I took a deep breath. Another. Then another.

NOW!

This was my moment. The chance to change my life. To go back to how it all had once been. I took yet another long, deep breath. Ran through the words again in my head.

YES, I KNOW A REASON! HE’S ALREADY MARRIED. TO ME!

Father Martin said, loudly, but with a smile, ‘First, I am required to ask anyone present who knows a reason these persons may not lawfully marry to declare it now.’

And suddenly, without warning, Roy turned and looked half comically back down the aisle, staring straight at me, it seemed. Staring straight through the veil into my eyes.

I froze.

He turned back to face the altar.

My legs had become unsteady and I had to hold on to the back of the pew in front of me for some moments. I thought I was going to throw up.

Had he seen me? Could he somehow know I was here? How?

It wasn’t possible.

But, I realized, what I wanted to do now wasn’t possible.
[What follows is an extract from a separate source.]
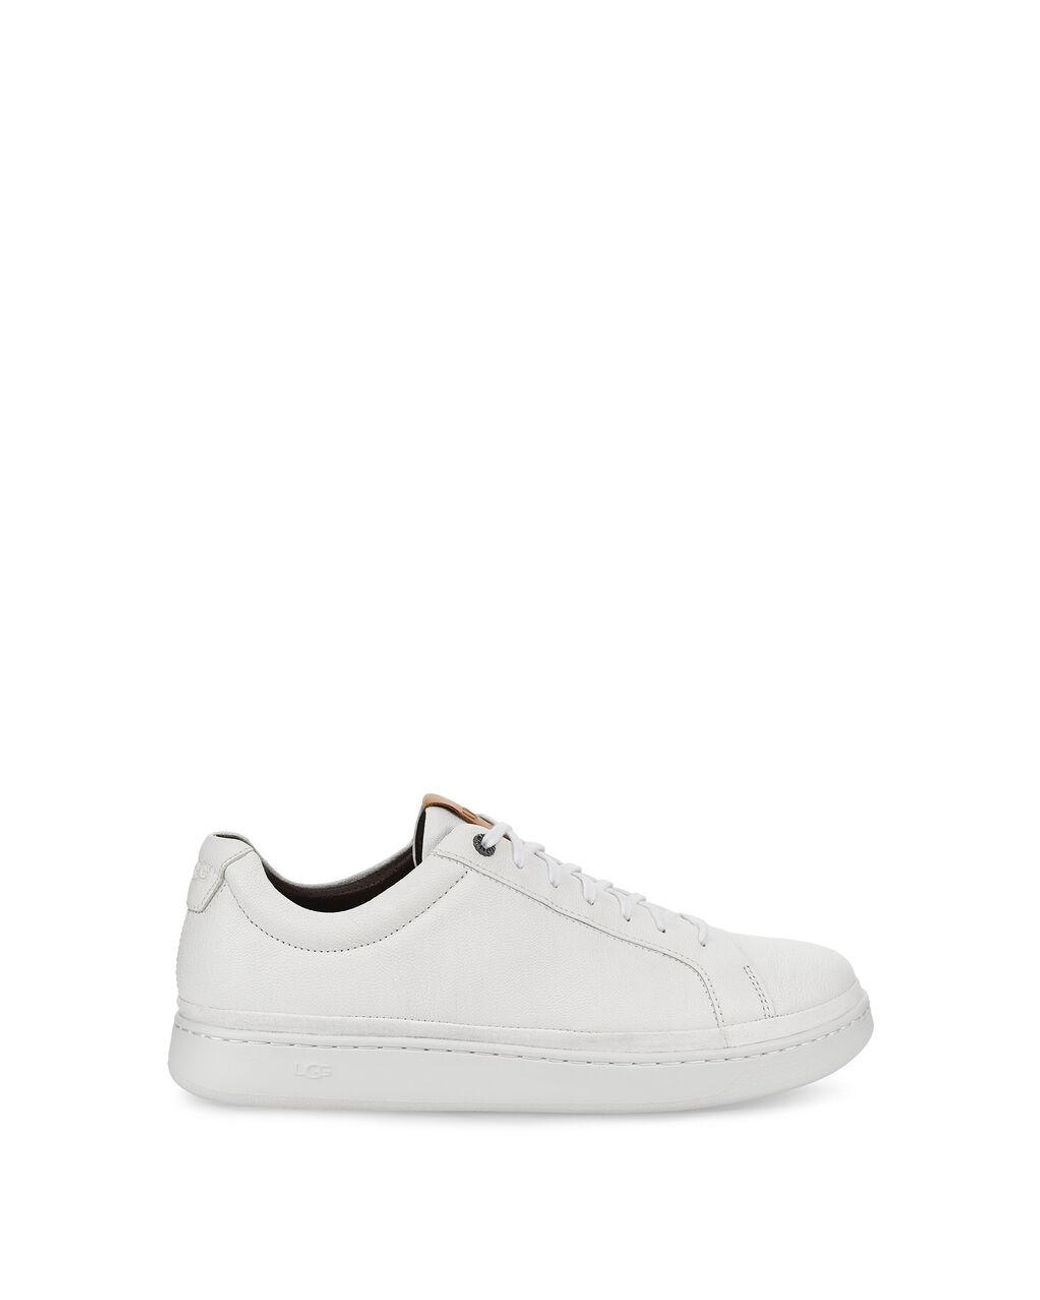 UGG Cali Sneaker Low Leather in White for Men | Lyst UK
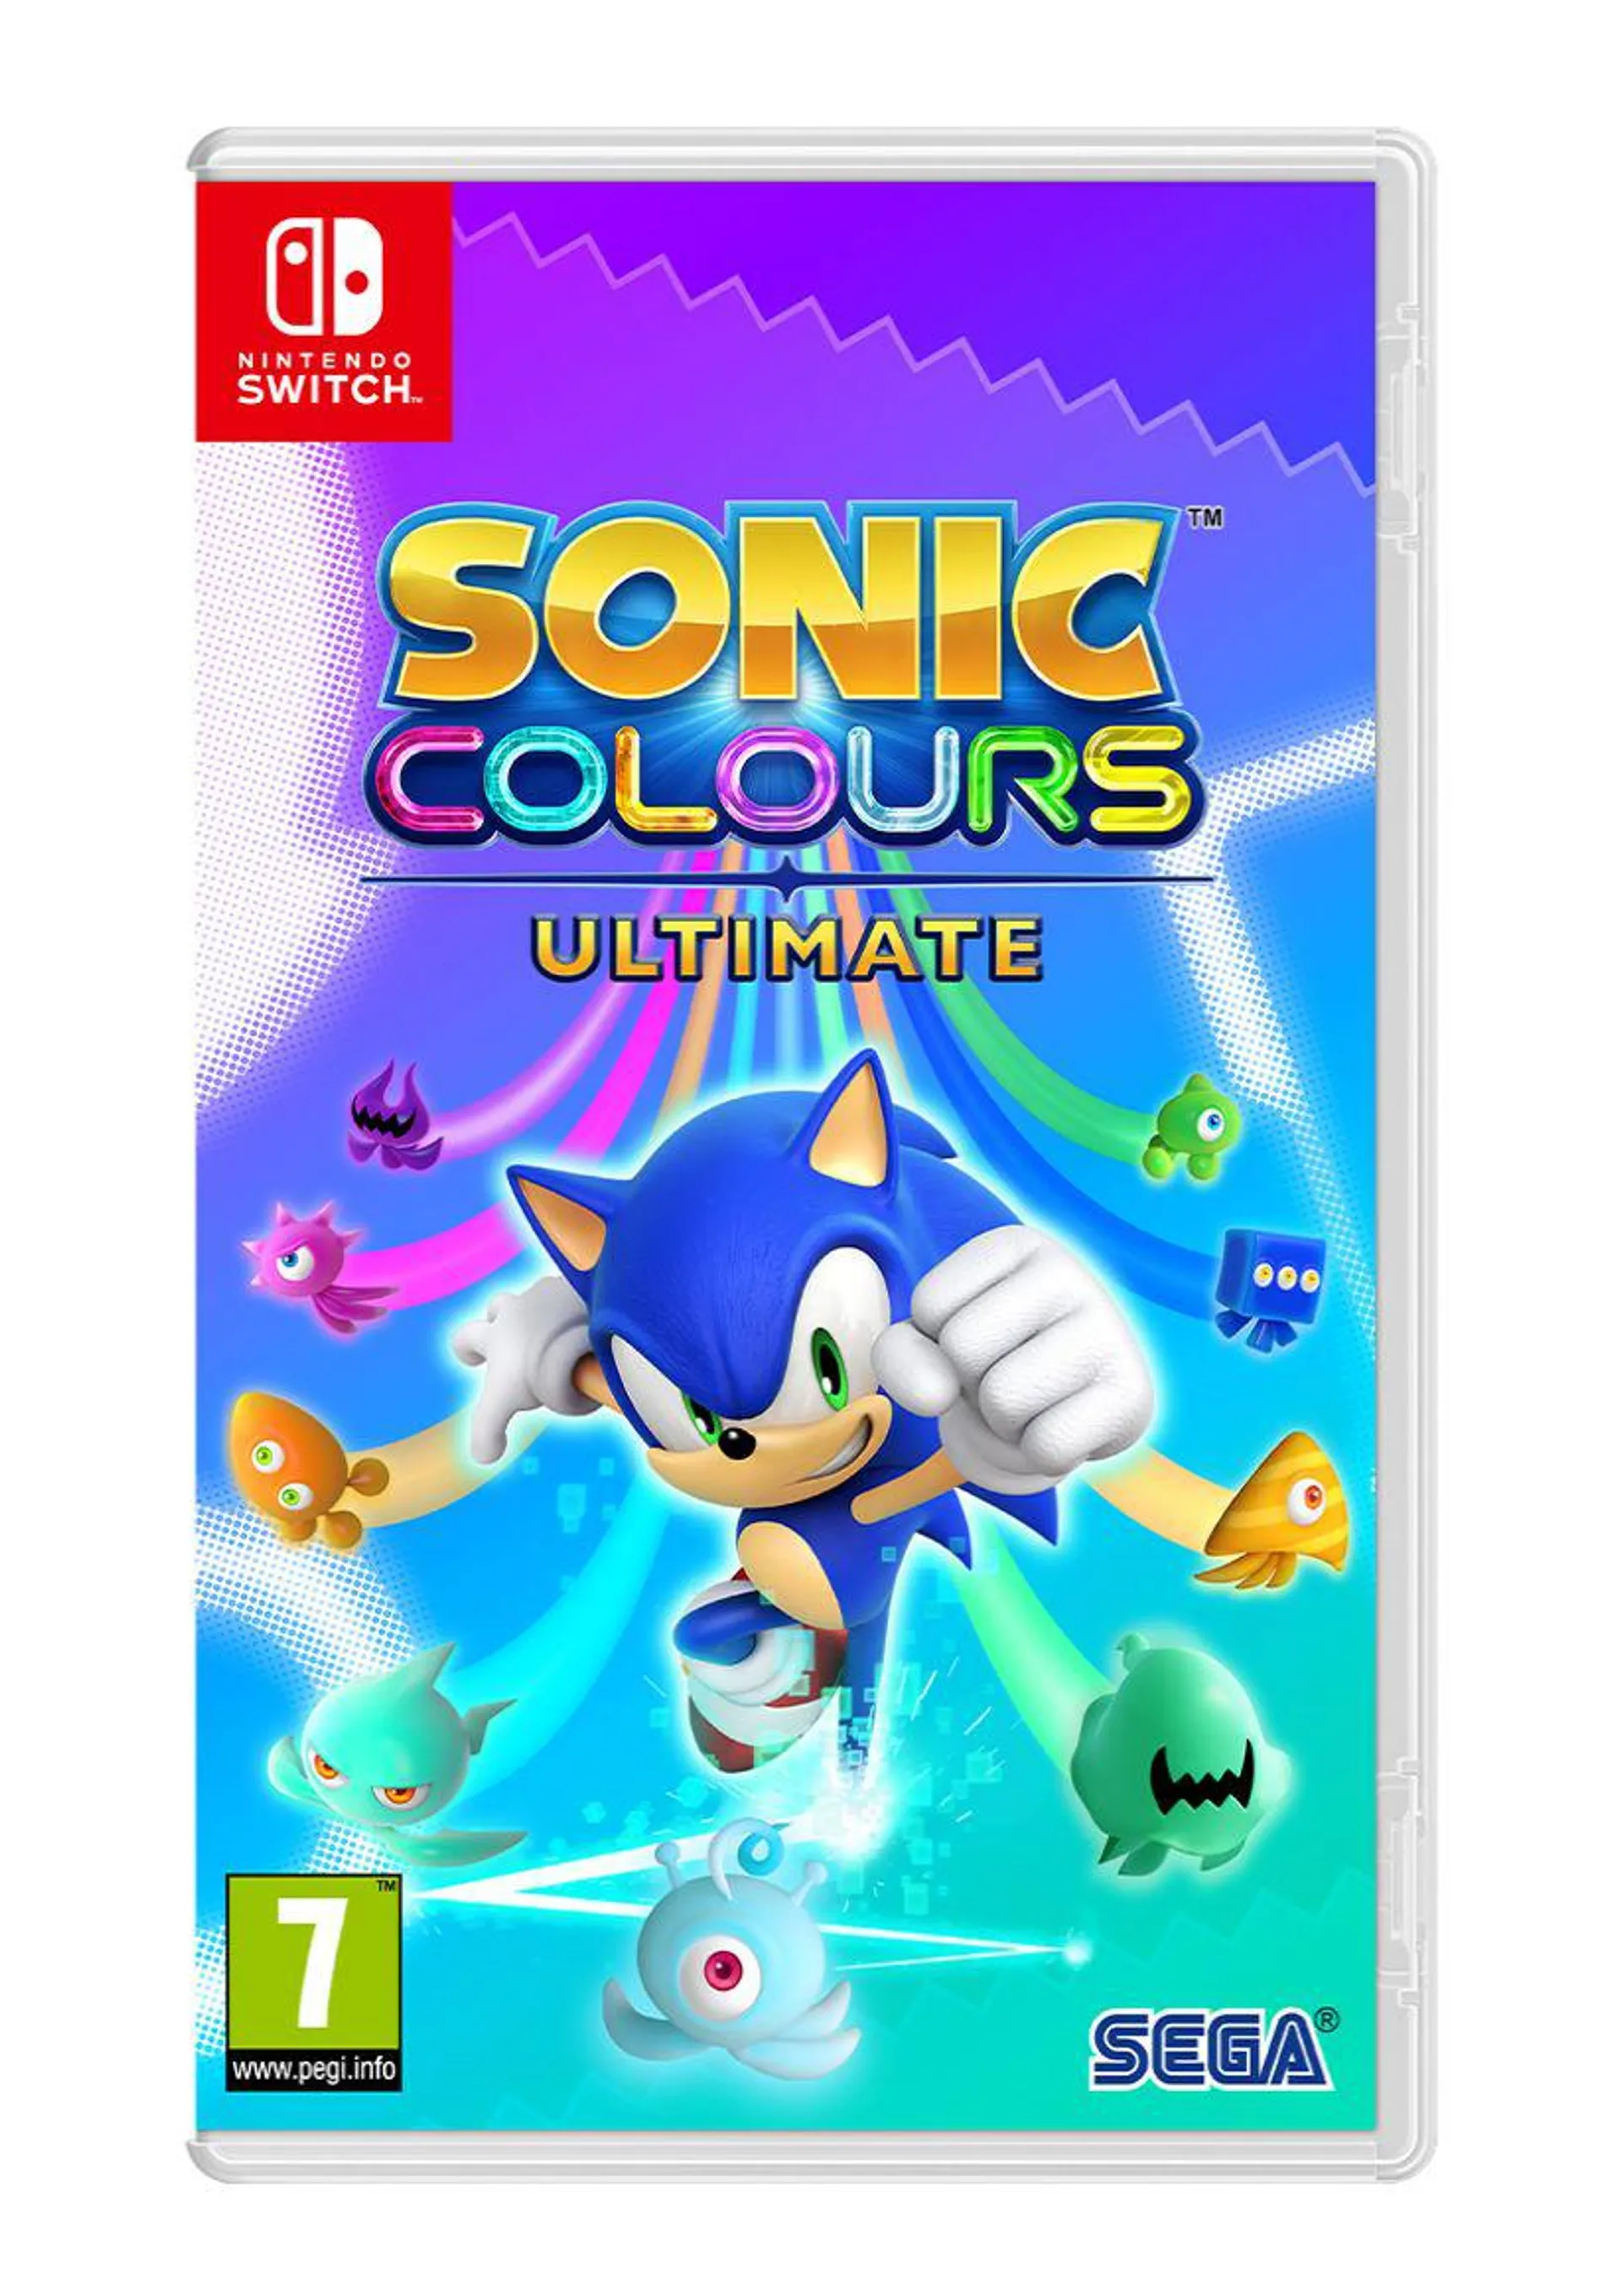 Sonic Colours Ultimate on Nintendo Switch

I had made this long journey to stop the wedding, but I couldn’t do it. I didn’t have the strength. I didn’t have...

A tornado of confusion was raging in my mind.

I have to do it.

Have to.

Have to.

NOW!

But I just stood, frozen. Terrified suddenly.

‘The vows you are about to take are made in the presence of God, who is judge of all and knows all the secrets of our hearts.’

I gripped Bruno’s hand so hard. Then, ignoring the sea of faces, I dragged him, half running, out of the church and out into the sunlit afternoon.

‘Mama!’ he protested.

Behind us I heard Father Martin’s voice. ‘Therefore if either of you knows a reason you may not lawfully marry, you must declare it now.’

I stood still, listening hard. Hoping. Half hoping.

‘Mama?’

‘Ssshhhh!’

‘Roy, will you take Cleo to be your wife? Will you love her, comfort her, honour and protect her, and, forsaking all others, be faithful to her as long as you both shall live?’

The silence seemed eternal. Then I heard the words I dreaded. Faint, but distinct enough. Like the whisper of a ghost.

‘I will.’

Dragging Bruno by his hand again, I ran, stumbling, blinded by my tears, down the church path to the road, and back up the hill towards where I had parked the rental car.